Goal of the exercise: Your answer must repeat all of the entries word for word, without any images.
※
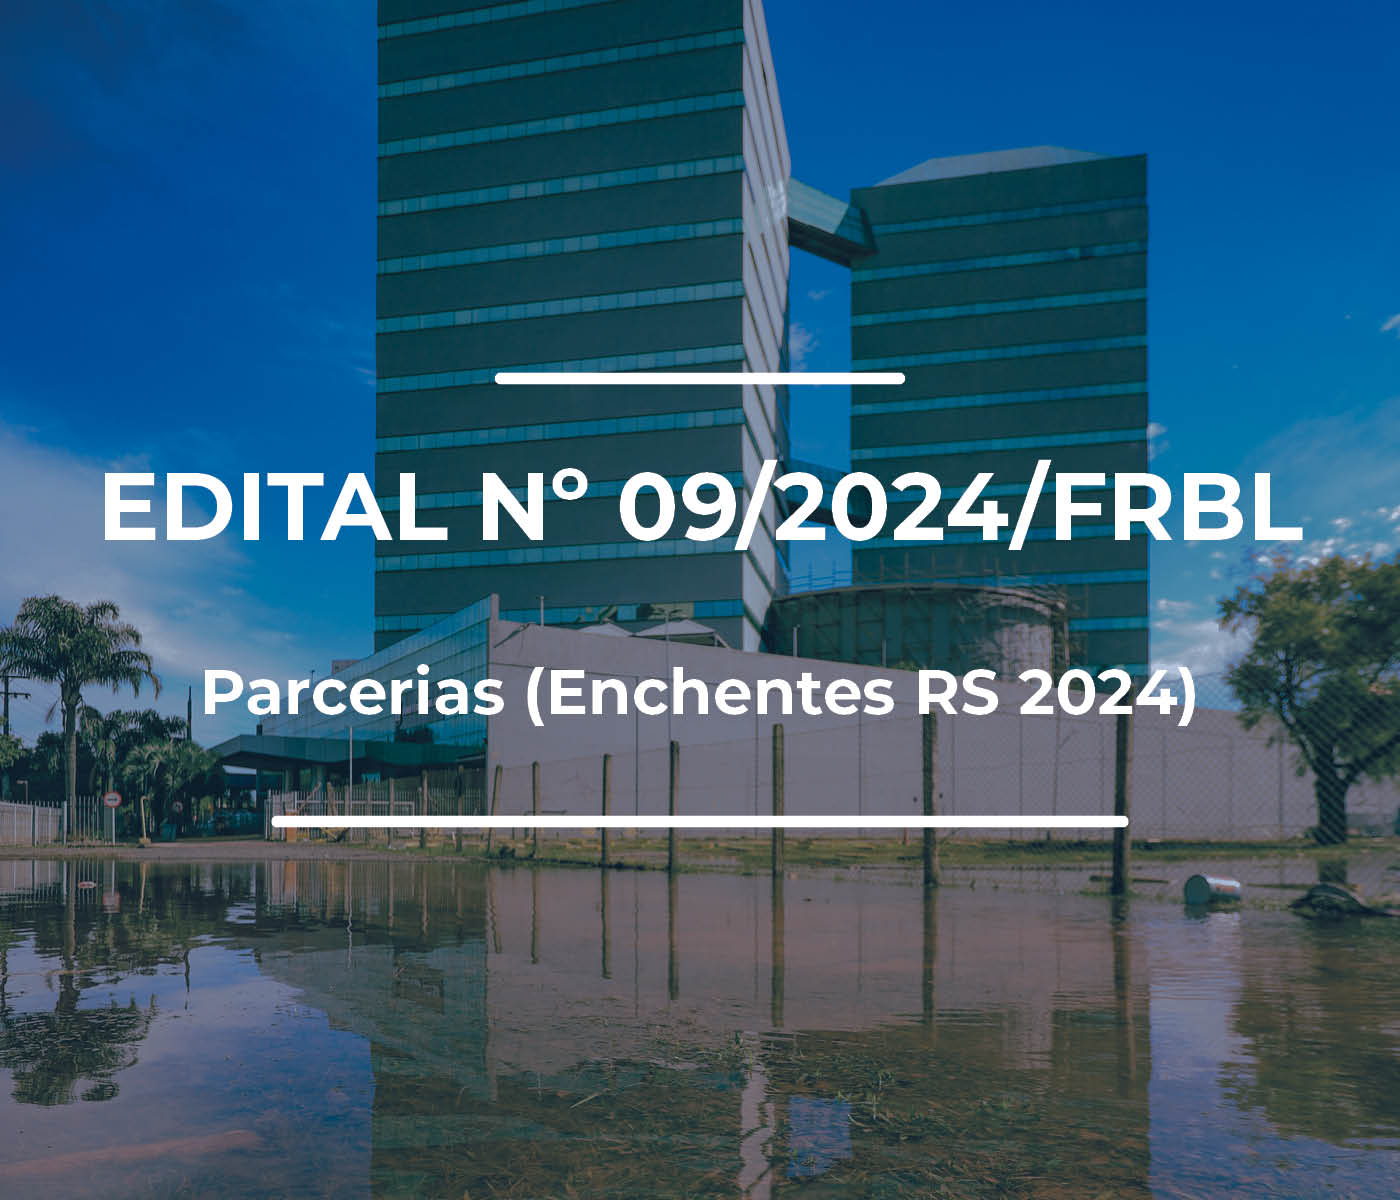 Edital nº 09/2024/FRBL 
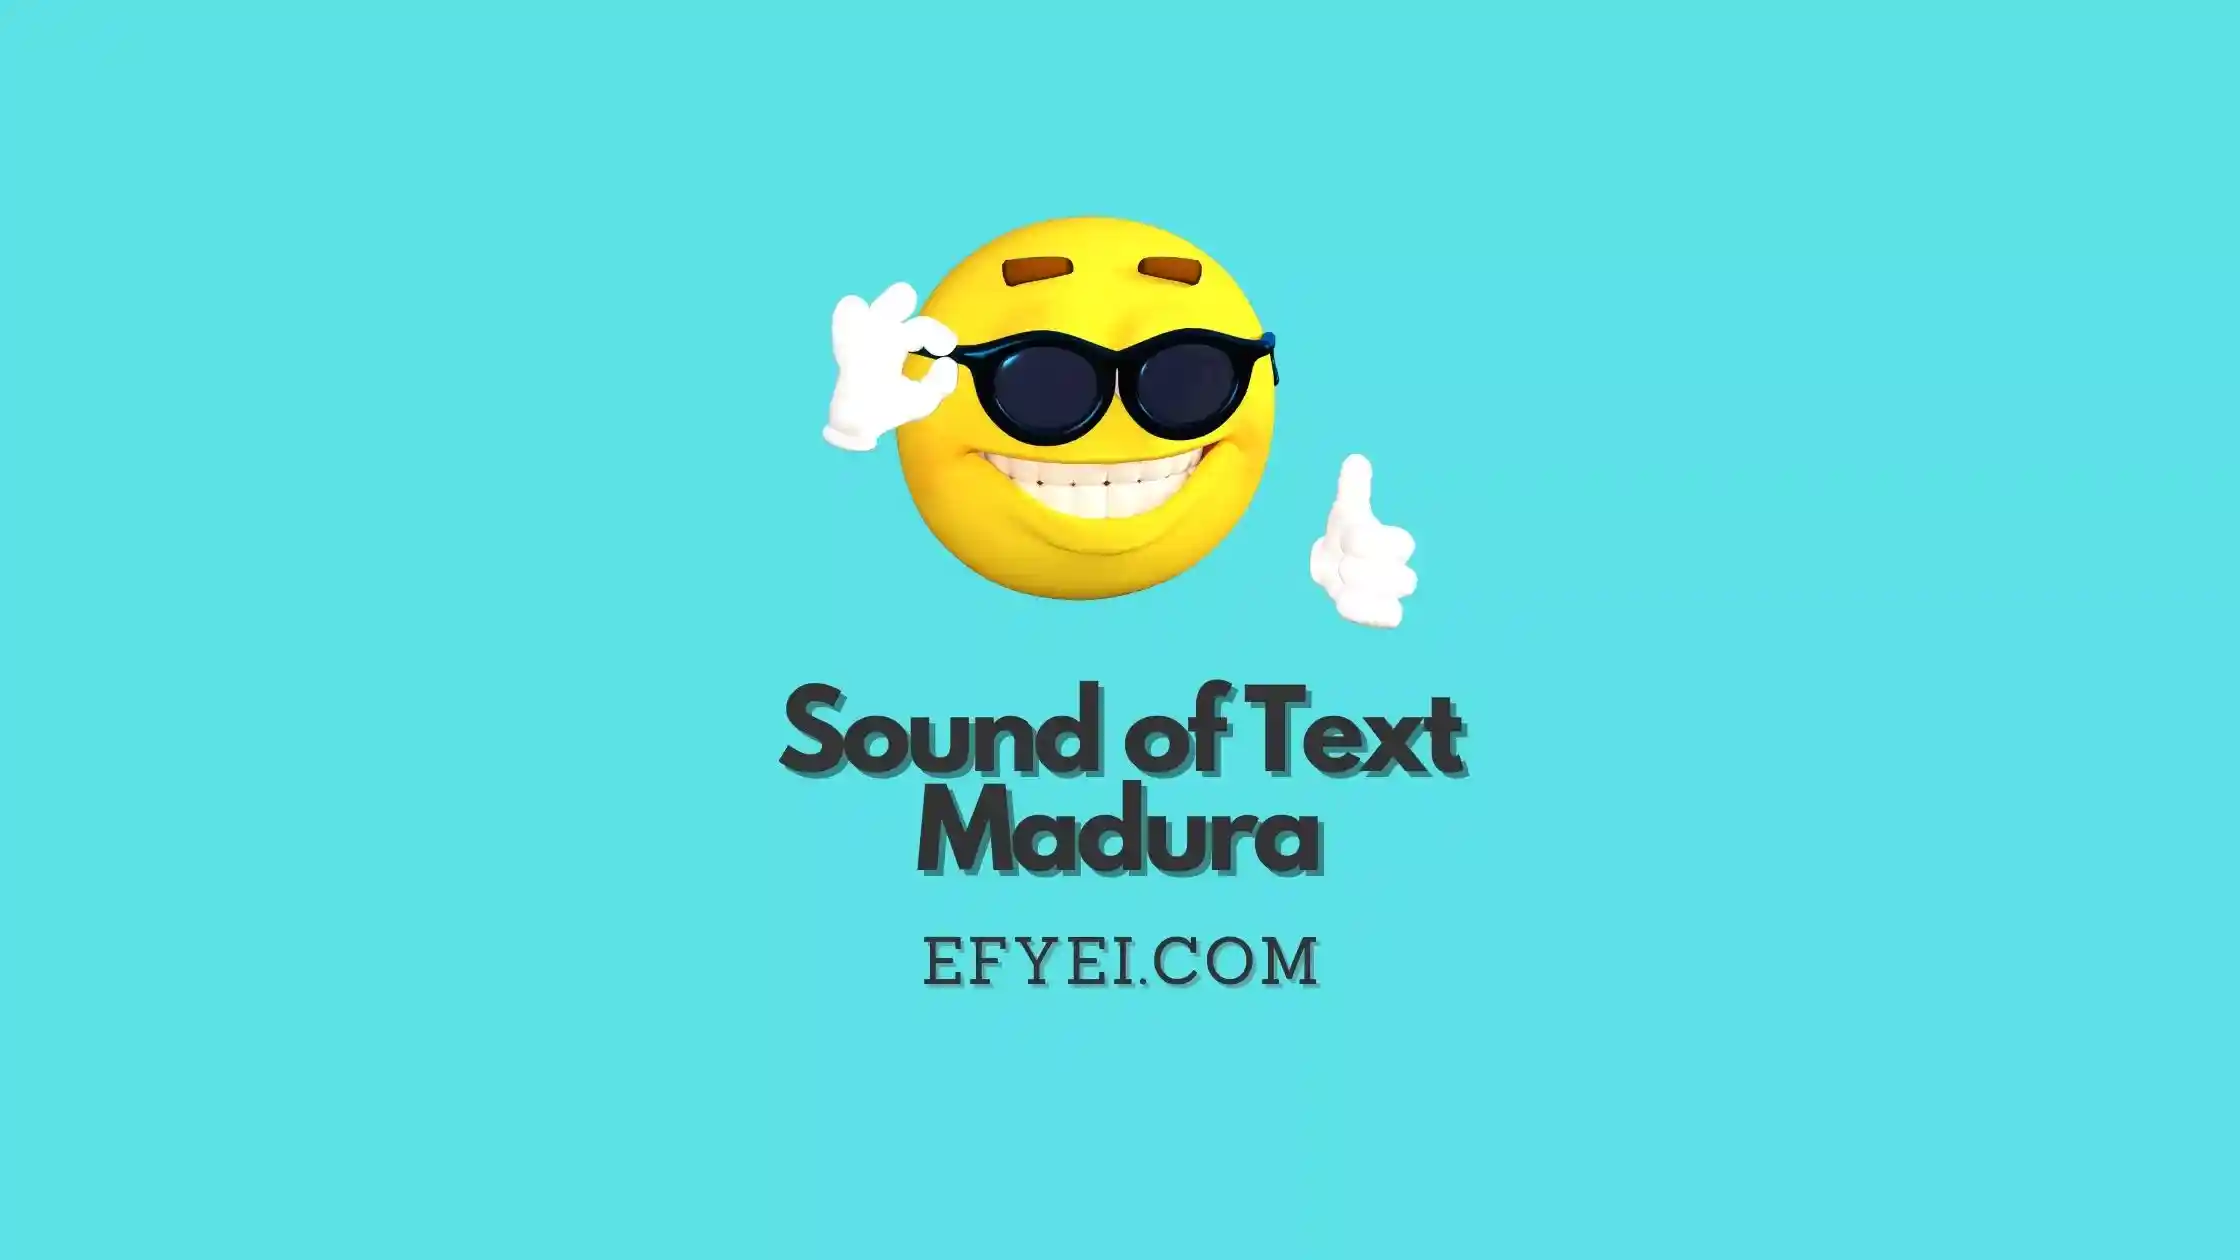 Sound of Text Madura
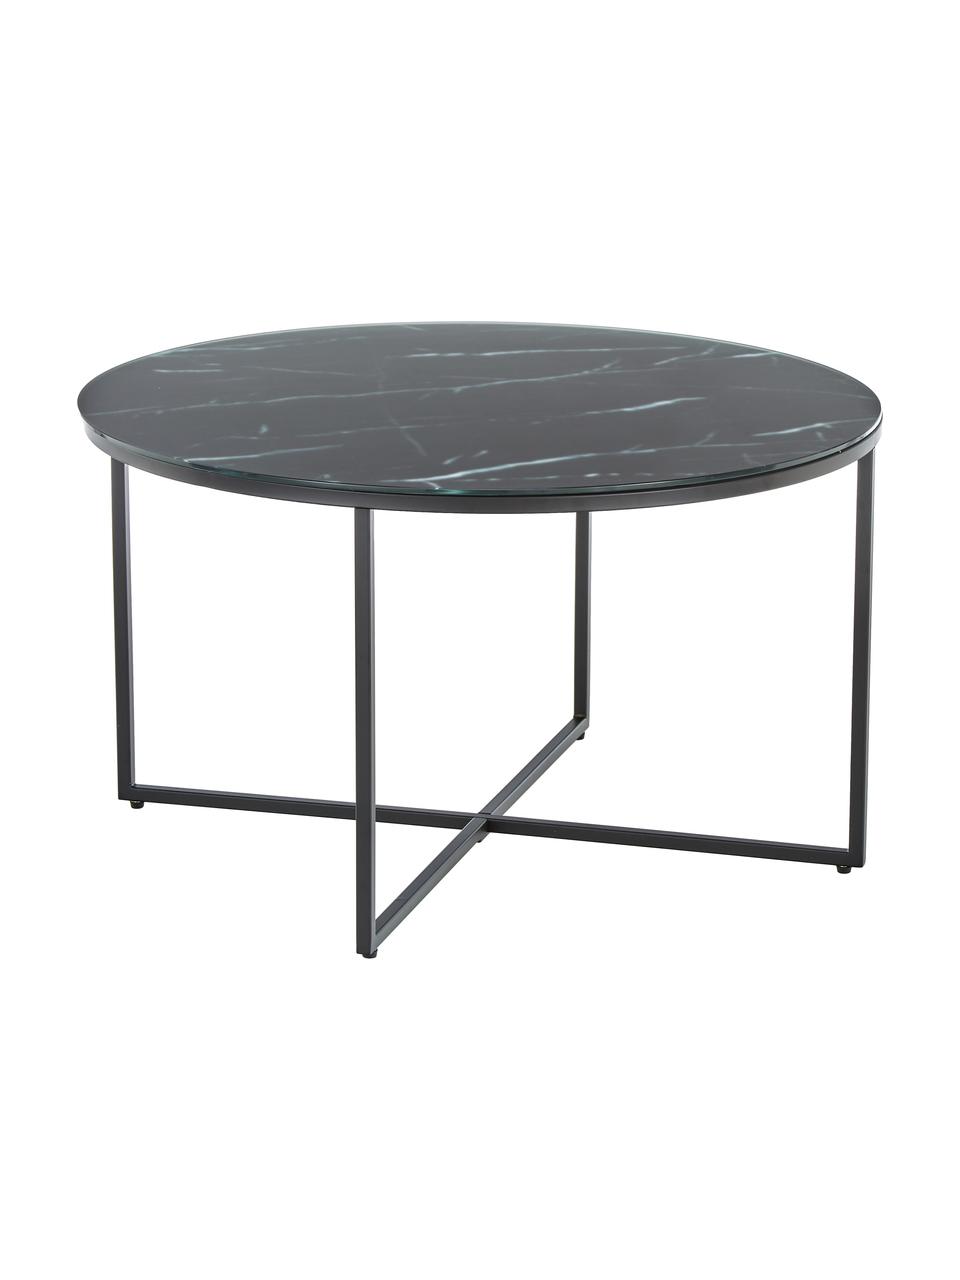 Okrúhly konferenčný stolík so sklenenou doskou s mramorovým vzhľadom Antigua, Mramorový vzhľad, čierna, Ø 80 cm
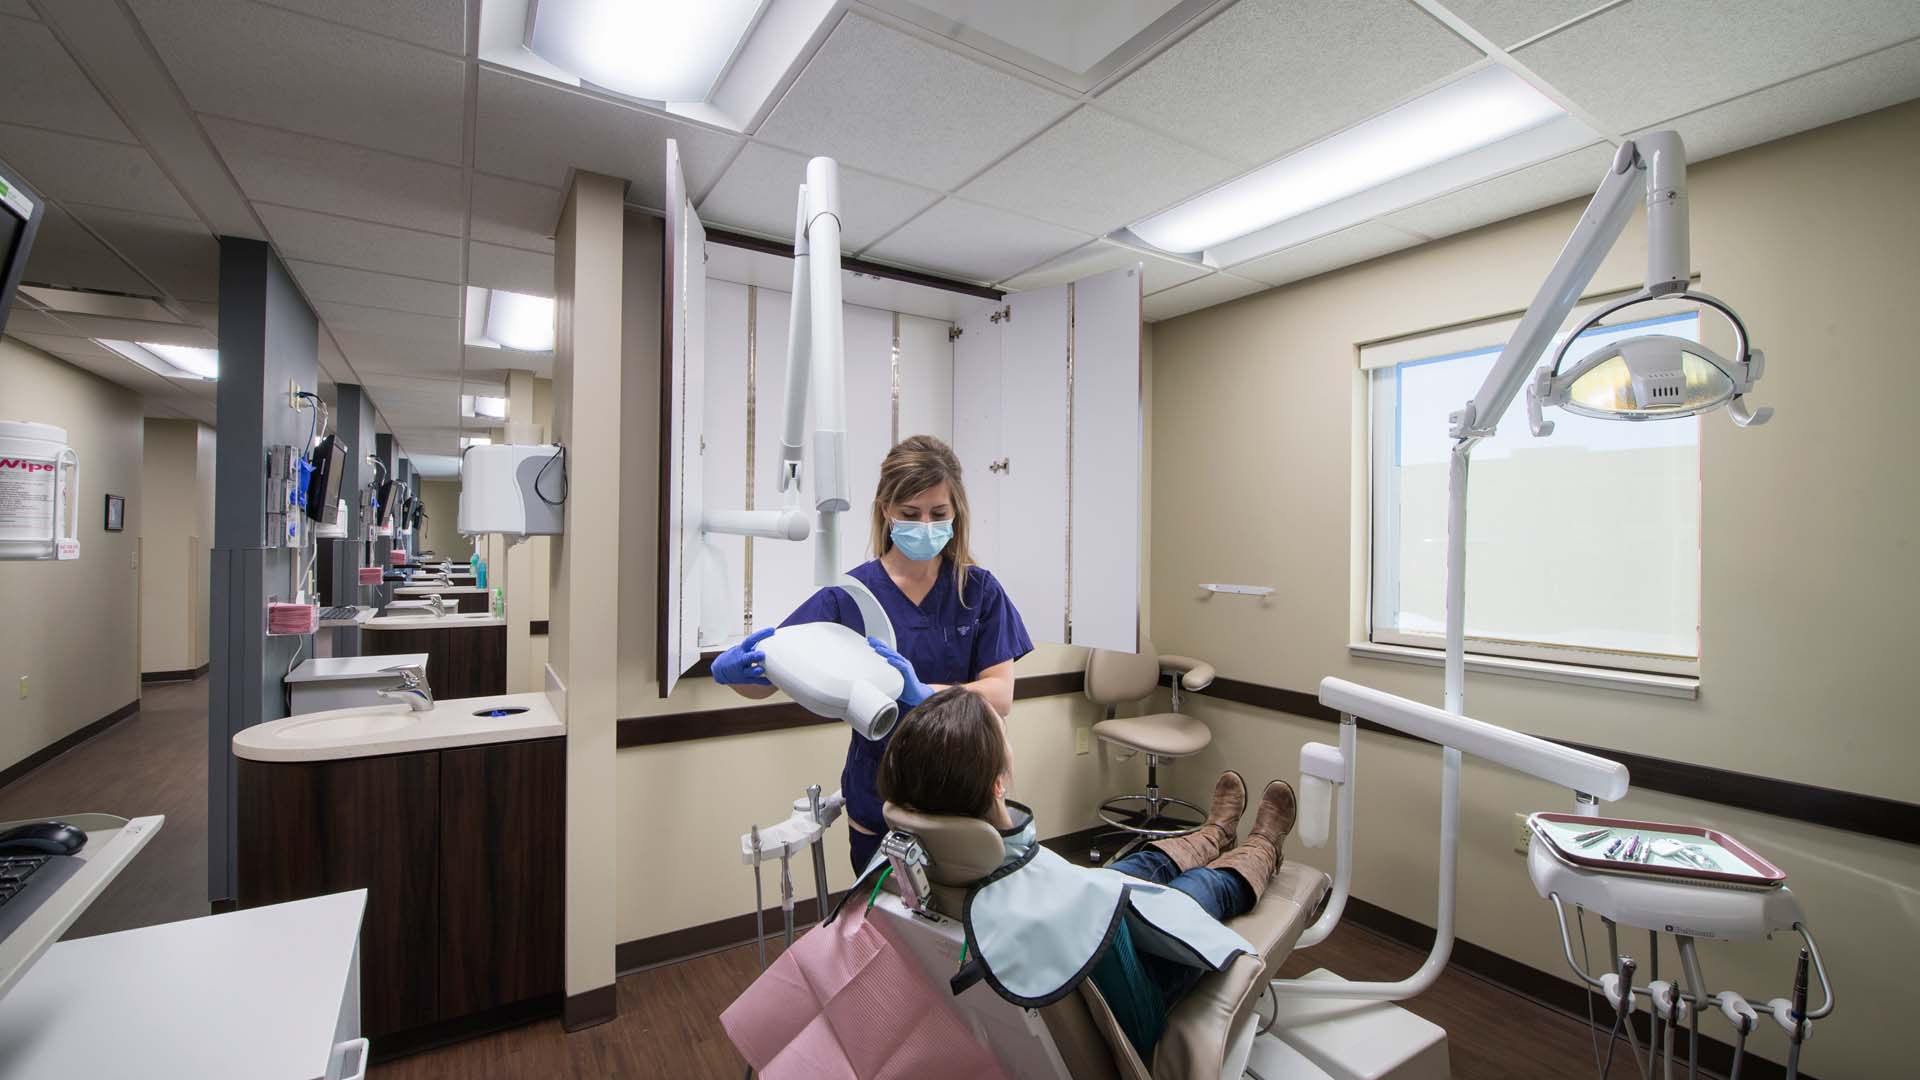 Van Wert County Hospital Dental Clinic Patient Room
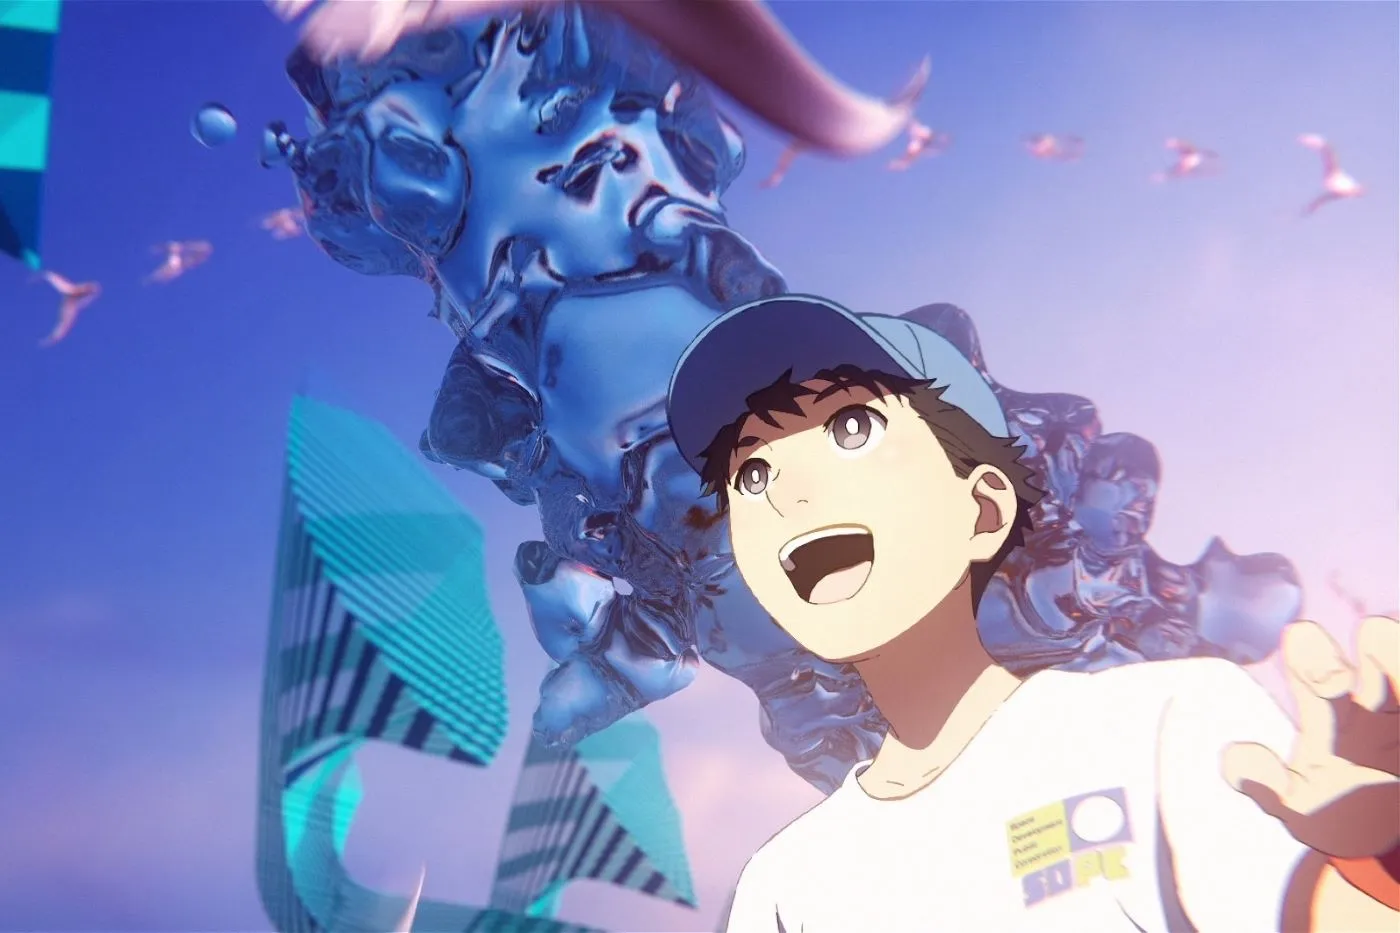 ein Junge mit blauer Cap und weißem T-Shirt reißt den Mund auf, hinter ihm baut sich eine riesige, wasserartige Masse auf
※
Exercise response:
 Edital nº 09/2024/FRBL 
 Sound of Text Madura
 Okrúhly konferenčný stolík so sklenenou doskou s mramorovým vzhľadom Antigua, Mramorový vzhľad, čierna, Ø 80 cm
 Van Wert County Hospital Dental Clinic Patient Room
 ein Junge mit blauer Cap und weißem T-Shirt reißt den Mund auf, hinter ihm baut sich eine riesige, wasserartige Masse auf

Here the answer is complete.